Macrobaenidae is an extinct family of turtles, known from the Early Cretaceous to Paleogene of Laurasia. Their relationships to other turtles and whether or not they form a monophlyletic group are controversial. They are typically interpreted as stem or crown group cryptodires, but some more recent analyses have found them to lie outside crown group Testudines. Macrobaenids can be distinguished from other testudinatans by the presence of a carotid fenestra, cruciform plastron with strap-like epiplastra, and a lack of extragulars.

Genera
Anatolemys Central Asia, Late Cretaceous ( Khodzhakul Formation, Uzbekistan, Cenomanian, Bissekty Formation, Uzbekistan, Turonian, Bostobe Formation, Kazakhstan, Santonian Yalovach Formation, Tajikistan, Santonian)
Appalachemys Mooreville Chalk, Alabama, Late Cretaceous (Santonian–Campanian)
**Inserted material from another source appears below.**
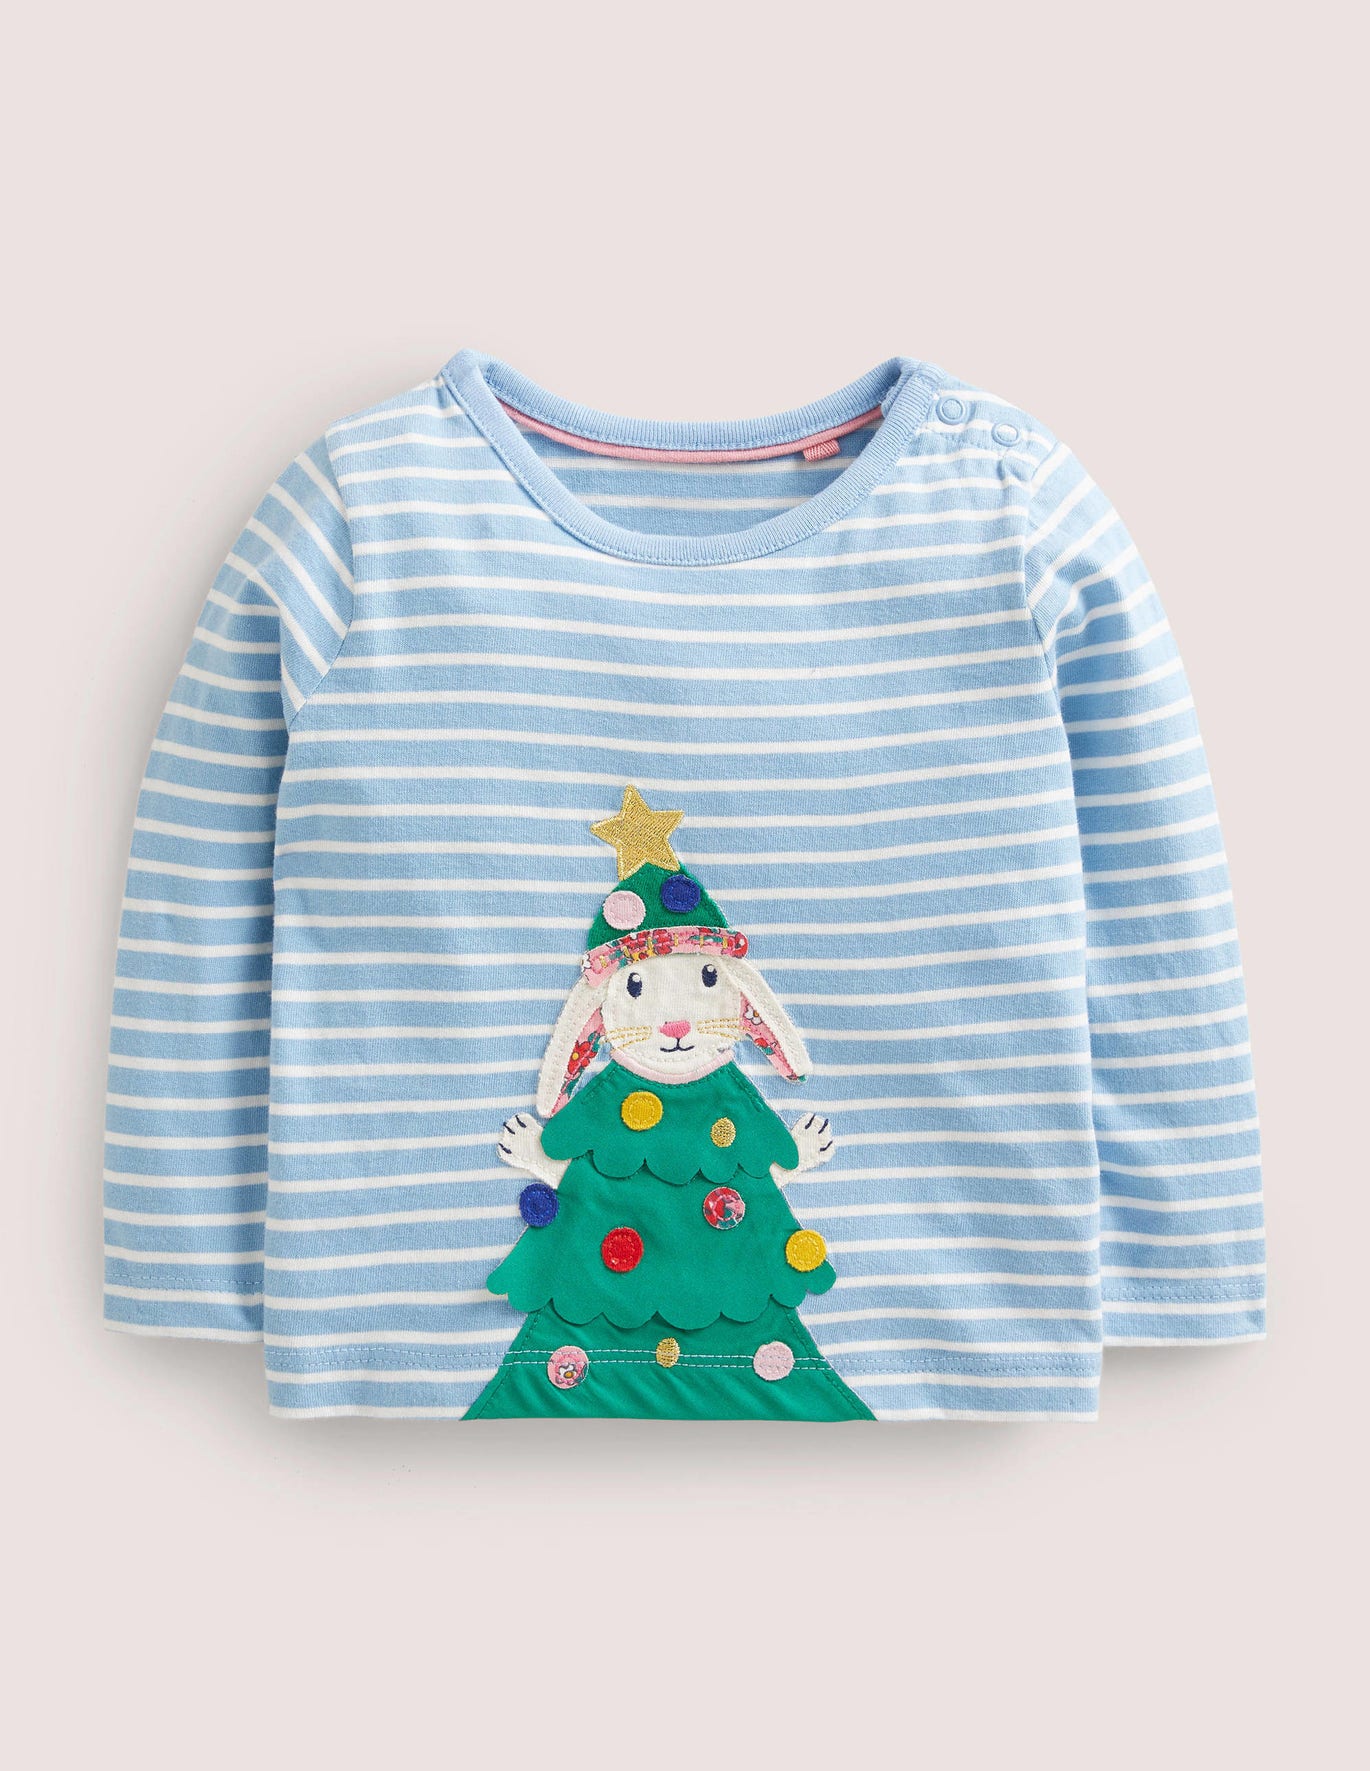 Boden Applique Christmas T-shirt - Dusty Blue/Ivory Bunny

Asiachelys Khulsangol Formation, Mongolia, Early Cretaceous (Albian)
Aurorachelys Kanguk Formation, Canada,Turonian
Changmachelys Xiagou Formation, China, Early Cretaceous (Aptian)
Kirgizemys Murtoi Formation, Khilok Formation, Ilek Formation, Russia, Early Cretaceous (Barremian-Aptian), Alamyshik Formation, Kyrgyzstan, Albian, Geoncheonri Formation, South Korea, Albian Khodzhakul Formation, Uzbekistan, Cenomanian
Judithemys North America, Late Cretaceous–Paleocene
Gallica Paris Basin, France, Paleocene
Macrobaena Naran Bulak Formation, Mongolia, Paleocene
Osteopygis Late Cretaceous-Paleocene, North America
Oxemys Khodzhakul Formation, Uzbekistan, Cenomanian
Yakemys Phu Kradung Formation, Thailand, Early Cretaceous (Berriasian)
Hongkongochelys from the Middle-Late Jurassic of China has sometimes been attributed to the family, but other times has been attriuted to Sinemydidae, a group which has an unresolved relationship with Macrobaenidae.